■ **Goal of the exercise**
Please give the lines below again exactly as they stand, from the one that contains "El ministre de" up to and including the one that contains "okeechobee wedding photographer-bridal", leaving all pictures out.

■ **Material supplied**
= = = = = = =

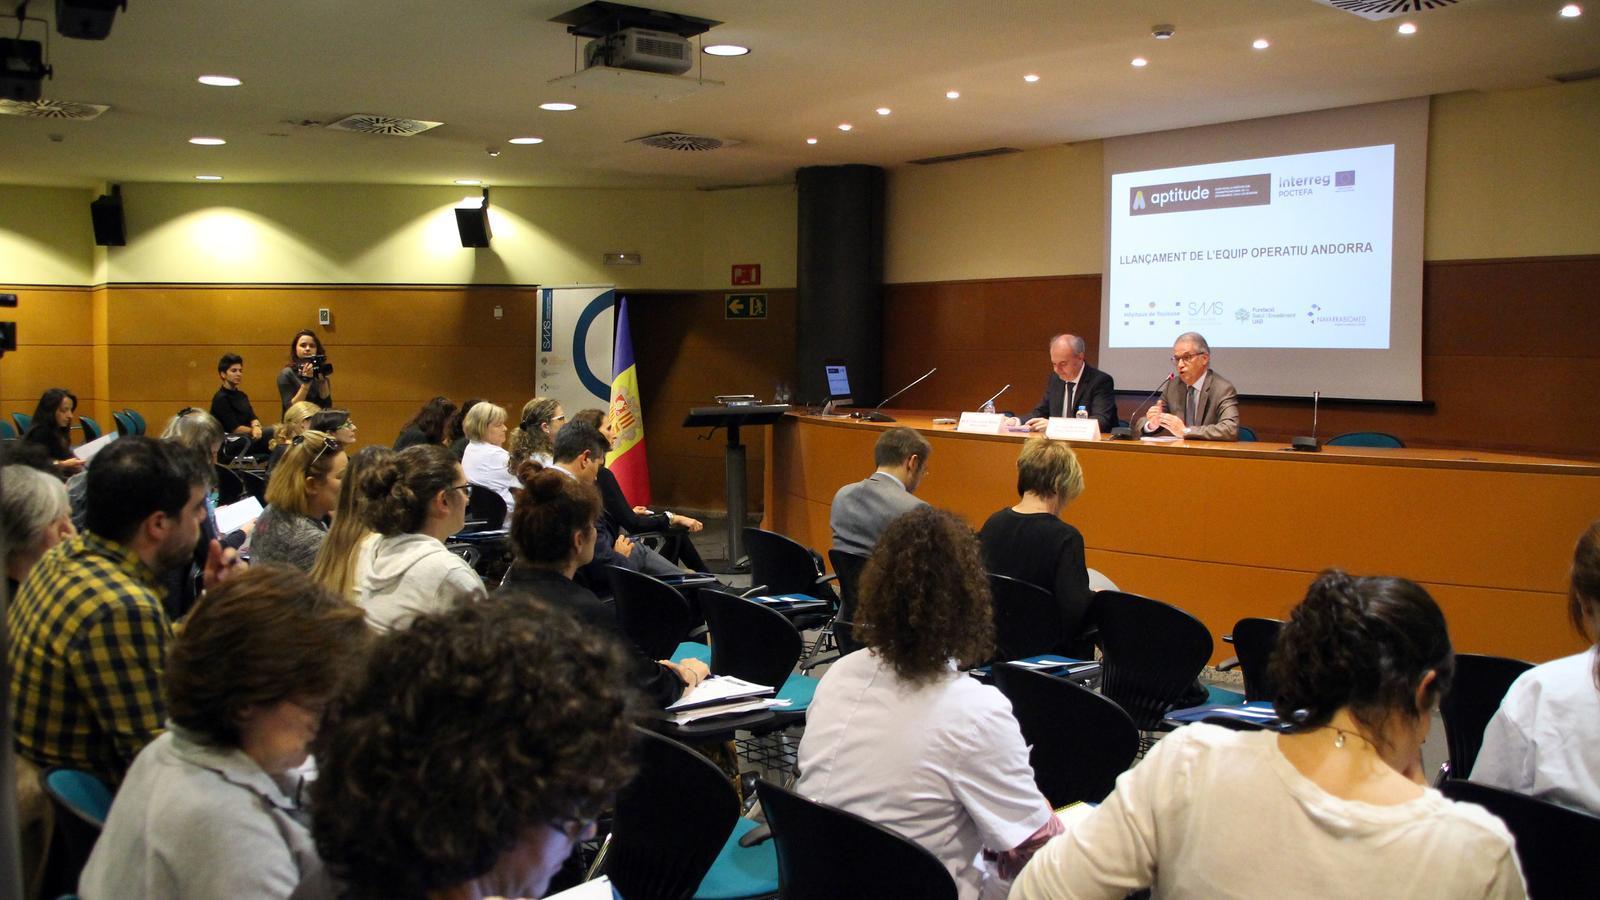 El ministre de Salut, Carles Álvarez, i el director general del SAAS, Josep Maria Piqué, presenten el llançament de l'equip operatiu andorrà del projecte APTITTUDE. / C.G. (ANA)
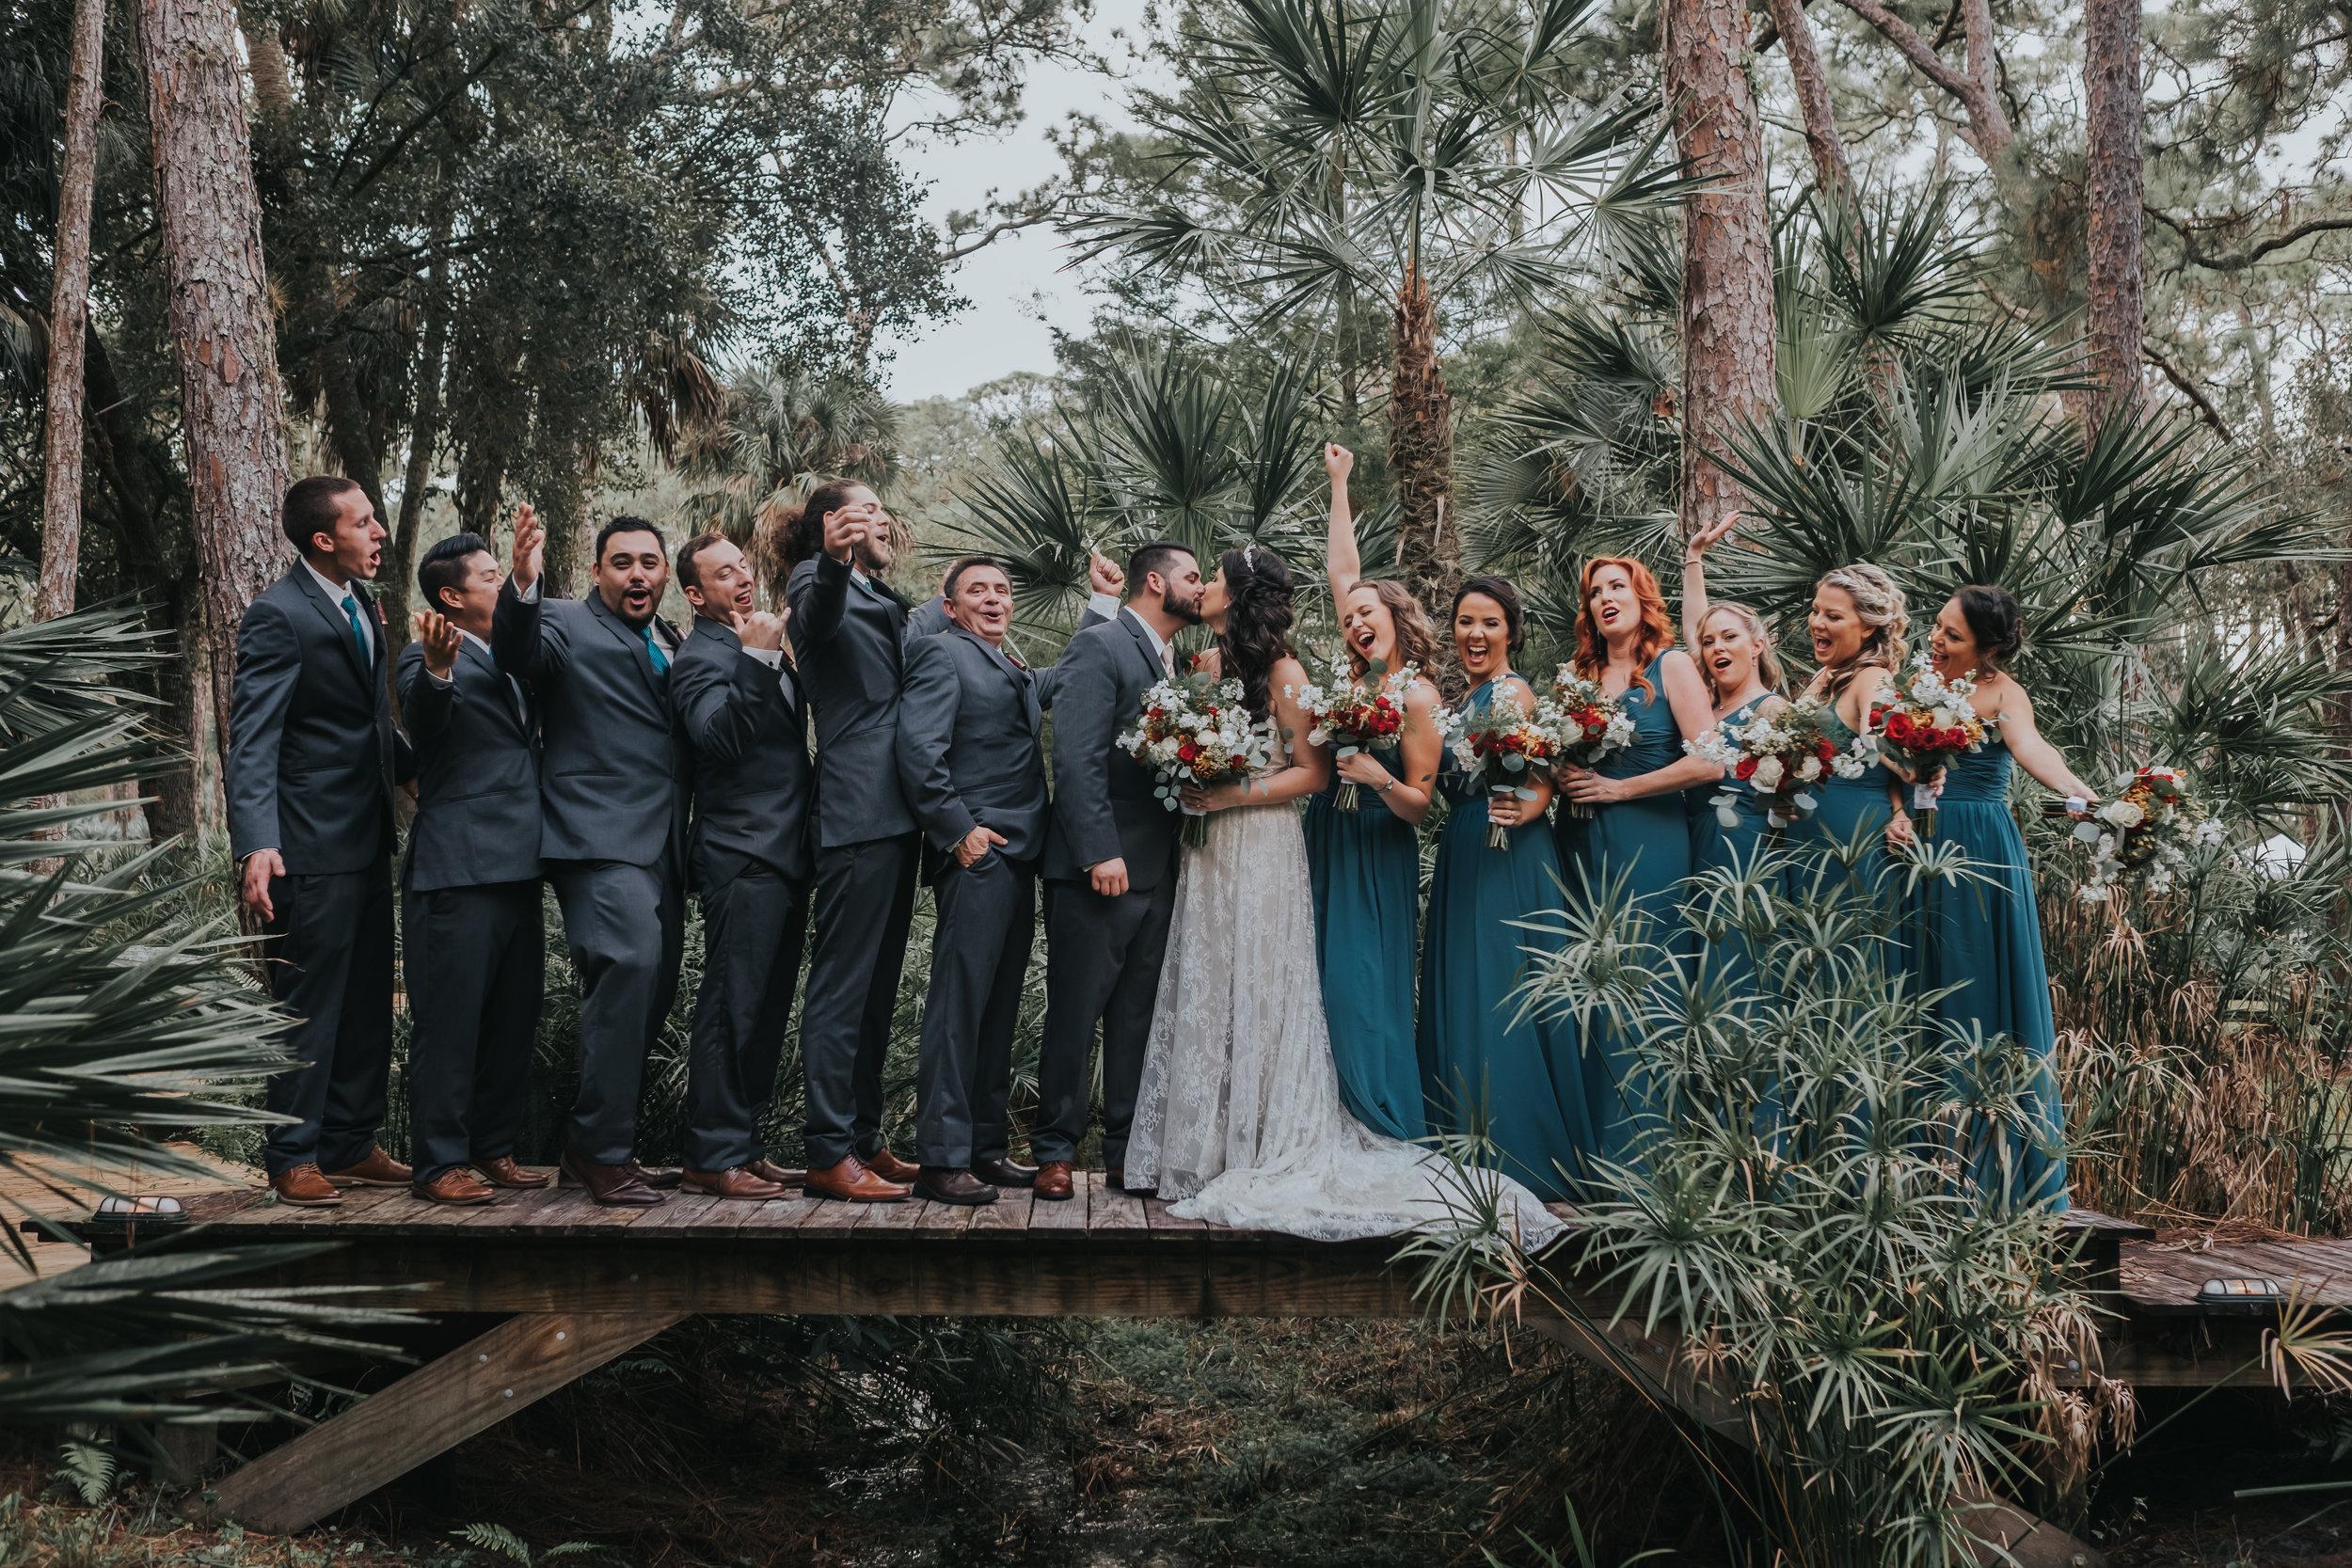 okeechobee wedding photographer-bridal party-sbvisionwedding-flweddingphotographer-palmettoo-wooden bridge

= = = = = = =

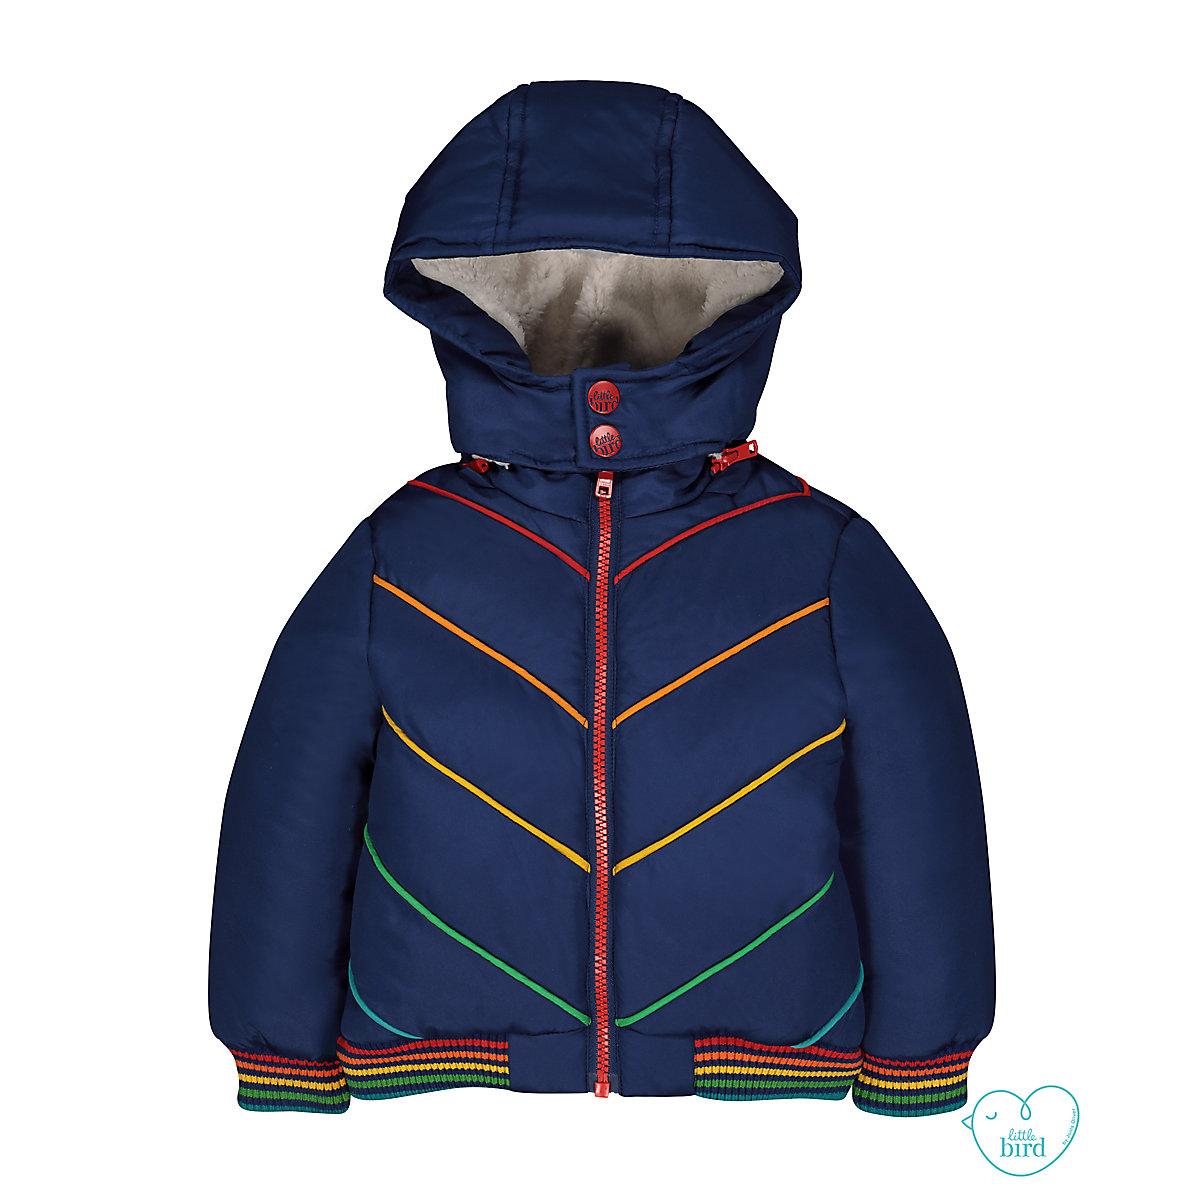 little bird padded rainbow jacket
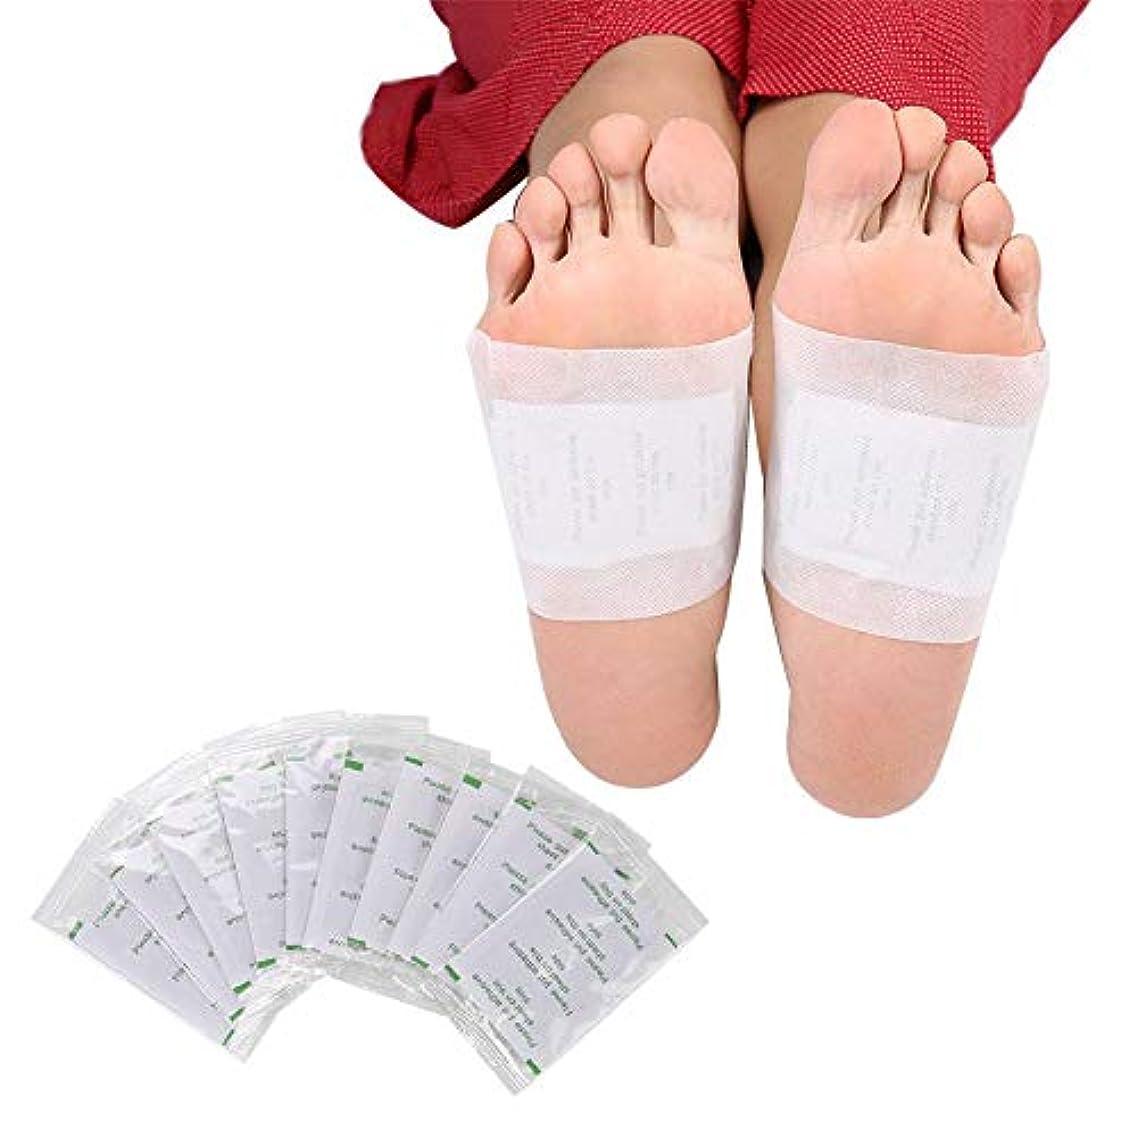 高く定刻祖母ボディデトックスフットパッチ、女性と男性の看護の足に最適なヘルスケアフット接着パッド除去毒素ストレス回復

= = = = = = =

■ **Solution**
 El ministre de Salut, Carles Álvarez, i el director general del SAAS, Josep Maria Piqué, presenten el llançament de l'equip operatiu andorrà del projecte APTITTUDE. / C.G. (ANA)
 okeechobee wedding photographer-bridal party-sbvisionwedding-flweddingphotographer-palmettoo-wooden bridge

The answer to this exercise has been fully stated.